Question: A particle moves along a parabolic path \[y = 2x - {x^2} + 2\]in such a way that the x-component of ...

Question

A particle moves along a parabolic path $y = 2x - {x^2} + 2$ in such a way that the x-component of the vector remains constant ( $5\,m/s$ ). Find the magnitude of acceleration of the particle.

Answer 1

Solution

The difference between the final and initial velocity with respect to time is called acceleration. And it is denoted by ‘a’ and the SI unit is $m{s^{ - 2}}$ .Acceleration is a vector quantity, it means it has direction as well as magnitude. There are two types of acceleration: uniform acceleration and non-uniform accelerations.

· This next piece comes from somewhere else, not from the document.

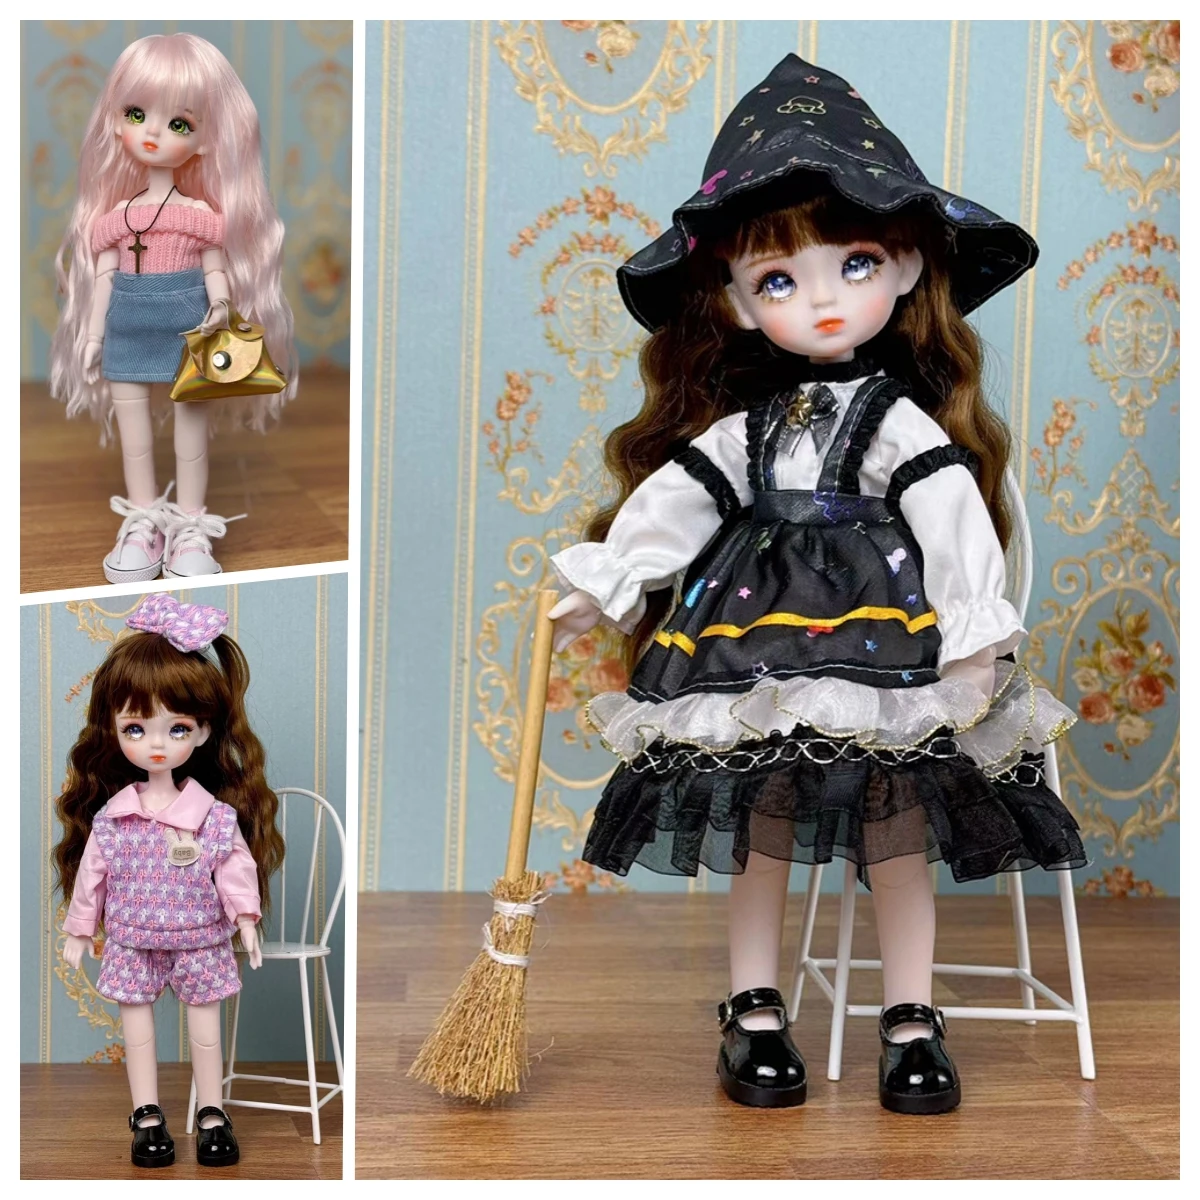 

Шарнирная кукла ручной работы 1/6, полный комплект, 28 см, кукла принцесса с 3 парными глазами, Детская кукла для девочек, подарок на день рождения (открытая голова)

Complete step by step answer:
Given equation
$y = 2x - {x^2} + 2$ ............…(1)
Velocity along x-direction,
${v_x} = 5\,m/s$ ............…(2)
Component of the velocity vector along a particular direction is equal to the time rate of change of displacement along that direction.
So the velocity of component of x and y are express by
${v_x} = \dfrac{{dx}}{{dt}}$ , ${v_y} = \dfrac{{dy}}{{dt}}$
Now differentiate the equation (1) with respect to time
$y = 2x - {x^2} + 2$
$\Rightarrow \dfrac{{dy}}{{dt}} = 2\dfrac{{dx}}{{dt}} - 2x\dfrac{{dx}}{{dt}} + 0$
Above equation can be written as
${v_y} = 2{v_x} - 2x{v_x}$ ..........…(3)
Put the value of ${v_x}$ from equation (2)
${v_y} = 2(5) - 2x(5)$
$\Rightarrow {v_y} = 10 - 10x$ .........…(4)

As the component of velocity along the x-axis is not changing with time, so resultant acceleration is zero. So we differentiate equation number 3 with respect to time.
${a_x} = 0$
$\Rightarrow {a_y} = \dfrac{d}{{dt}}({v_y})$
$\Rightarrow {a_y} = \dfrac{d}{{dt}}(10 - 10x)$
$\Rightarrow {a_y} = 0 - 10\dfrac{{dx}}{{dt}}$
$\Rightarrow {a_y} = - 10{v_x}$
Using the value of ${v_x}$ from equation 2
${a_y} = - 10(5)$
$\therefore {a_y} = - 50\,m/{s^2}$

Hence, acceleration of the particle is $50\,m/{s^2}$ , directed along negative y-direction.

Note: Force is the product of mass and acceleration. Application acceleration improves the application performances using techniques like compression, caching and transmission control protocol. When the velocity of any moving is changed it is said to be change in acceleration. Change in acceleration may be positive or negative.